We asked Miliotes to round out our list by sharing pairings for other popular styles of regional barbecue across the U.S. He notes that the fruitfulness or residual sweetness in the wines he recommends helps offset any spice in the barbecue to ensure each bite is as delicious as the first.

  • Texas BBQ: “Texas barbecue demands a riesling—German kabinett or halbtrocken. The crispness of the riesling allows the richness of the ‘cue to show through, while the touch of sweetness complements the spiciness.”
  • Kansas City BBQ: Miliotes says that fans of Kansas City barbecue will do well to lean into a tannic red wine, and advises opting for a top-quality cru Beaujolais.
  • North Carolina BBQ: “The epic trio of smoky, spicy, and sweet in North Carolina barbecue presents the opportunity for Vouvray to shine as a wine pairing. Vouvray’s fruitiness works with the spicy, acidity offsets the smoky, and minerality complements the sweet.”
  • South Carolina BBQ: Miliotes says there’s something special about cross-cultural food and wine pairings, and he loves to serve South Carolina barbecue with Champagne. He says that the wine shows off the tangy yellow mustard and vinegar nuances of this type of regional barbecue perfectly.
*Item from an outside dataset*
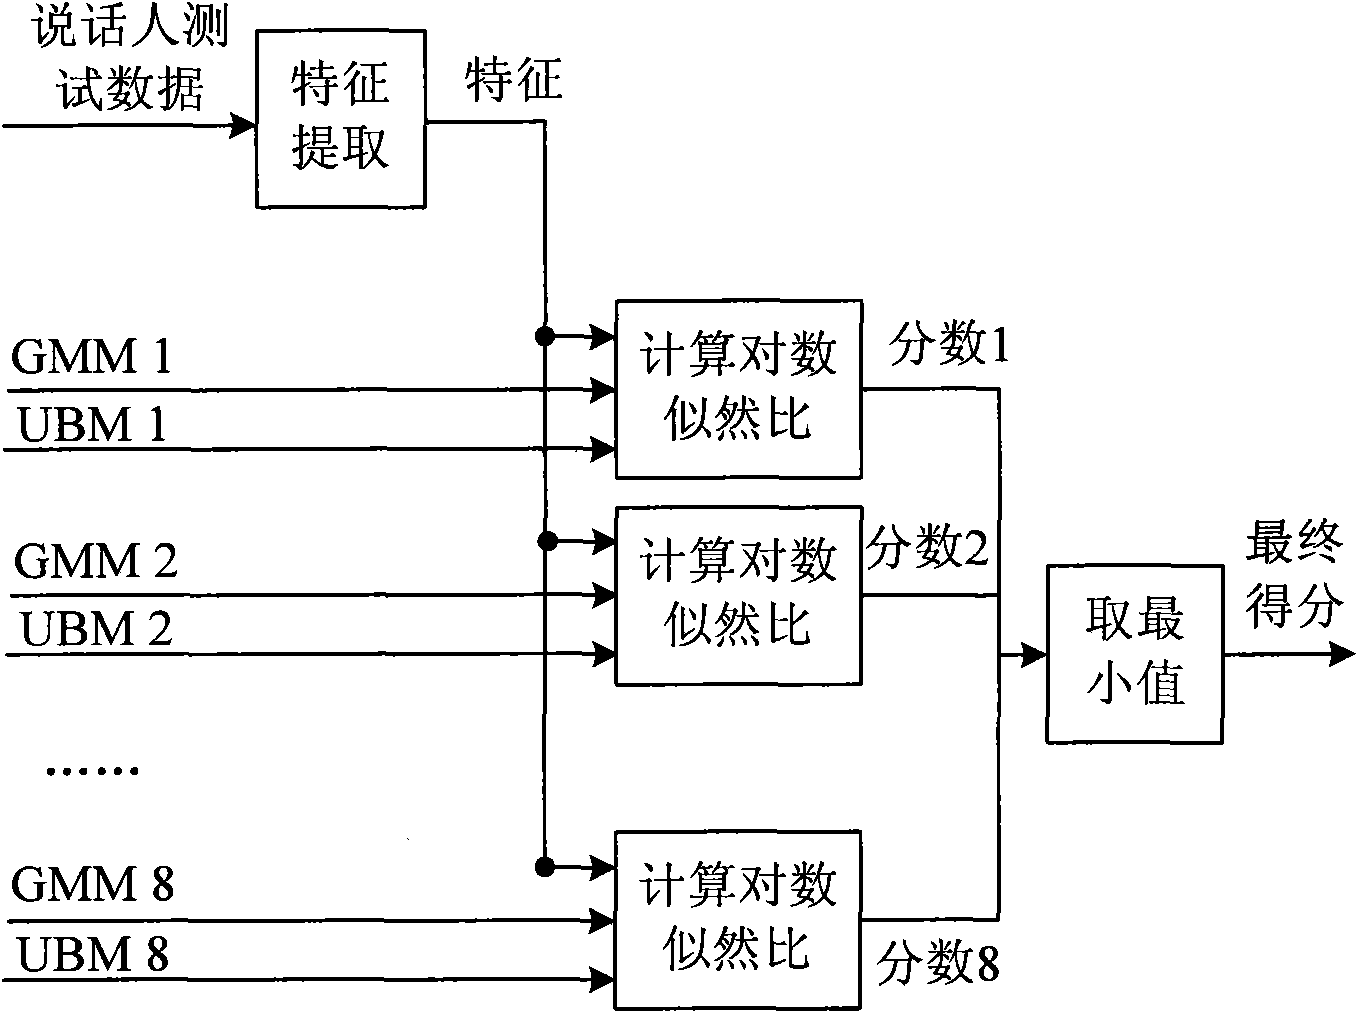 Multi-background modeling method for speaker recognition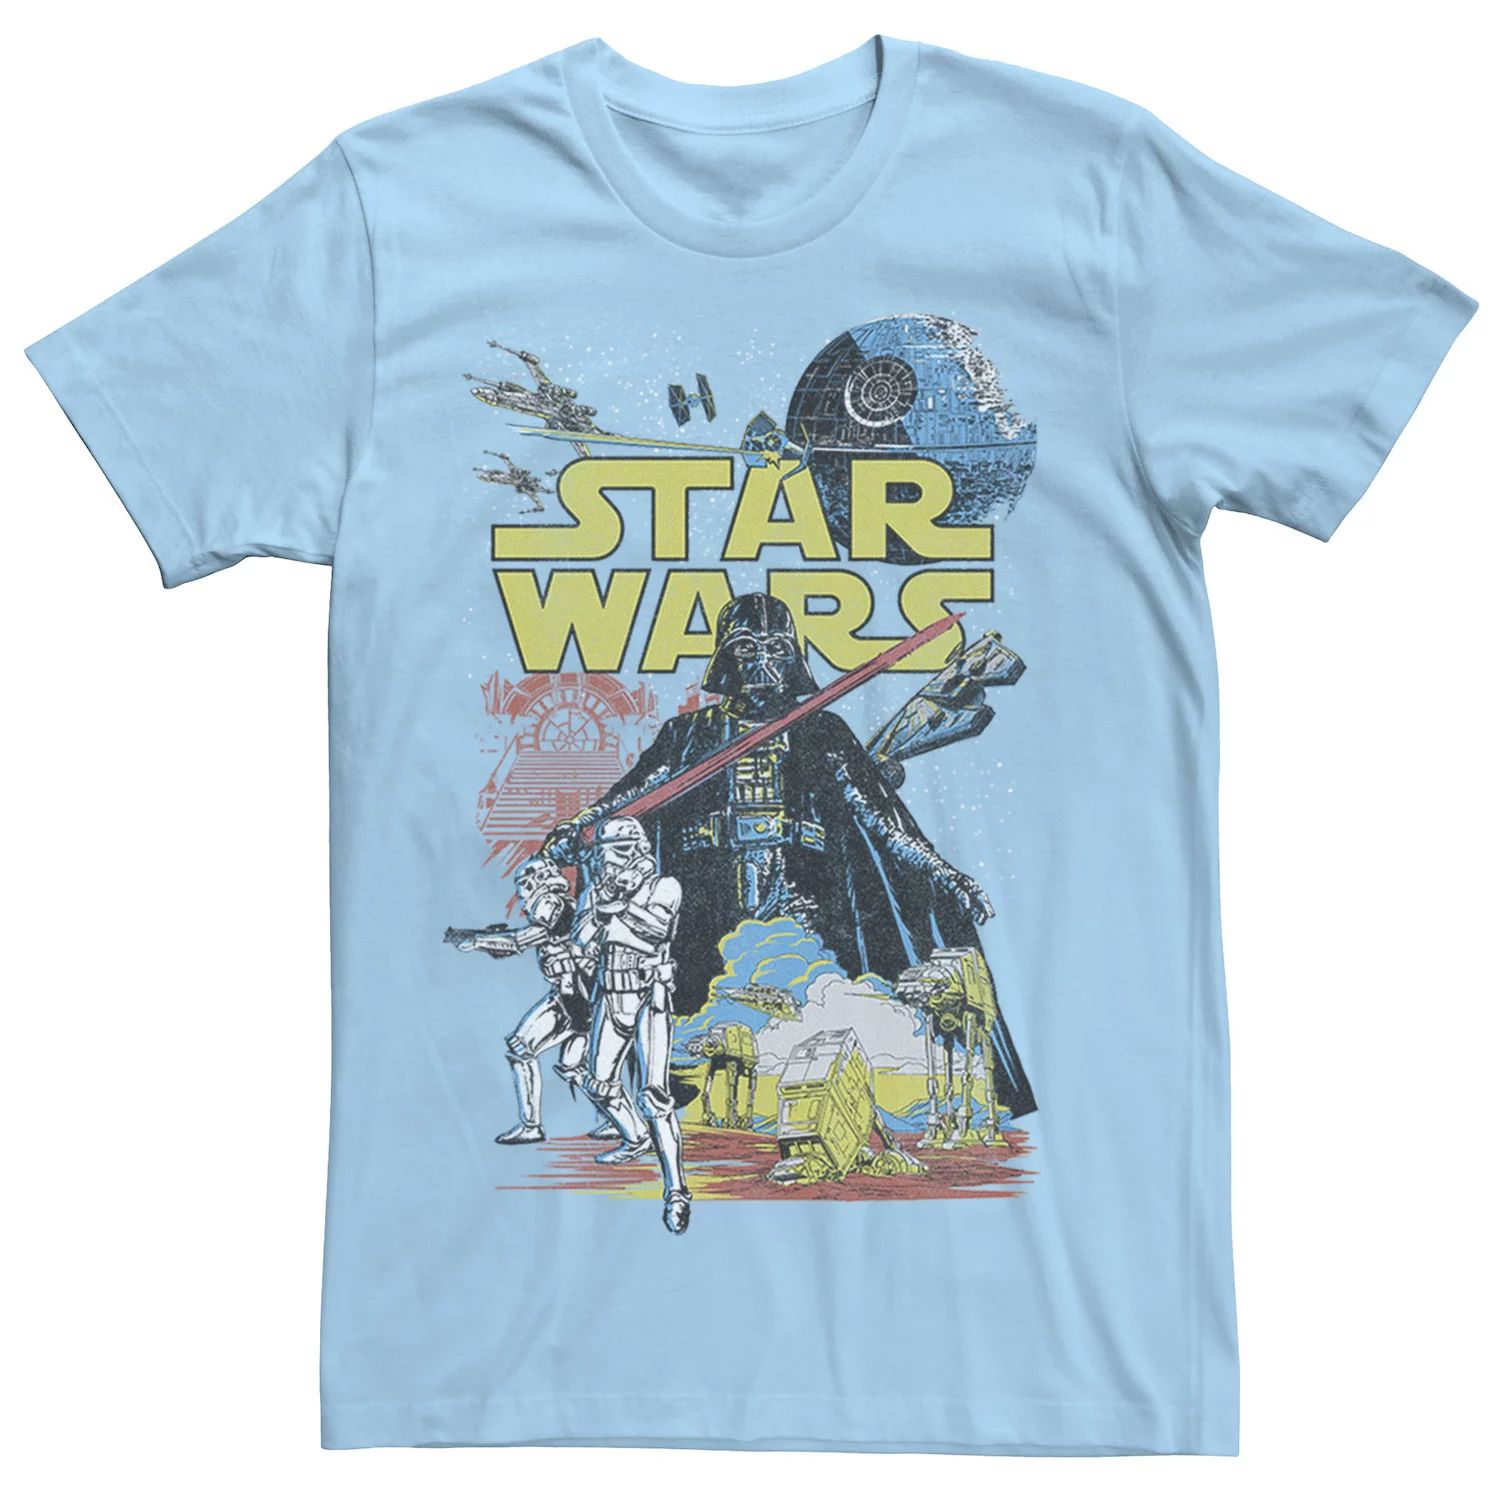 Мужская классическая футболка с графическим плакатом Rebel Star Wars, светло-синий мужская классическая футболка с графическим плакатом rebel star wars светло синий

At the end of the day, Martin says that offering wine pairings is relative, and it’s important to consider which varietals you enjoy most to get the best possible dining experience, whether you’re at one of his restaurants, cooking over an open pit in your backyard or at a fancy event.

Let this pairing advice inspire a bit of experimentation with new-to-you varietals and an epic weekend of making a whole-hog barbecue with your loved ones. Needless to say, you’ll need plenty of wine.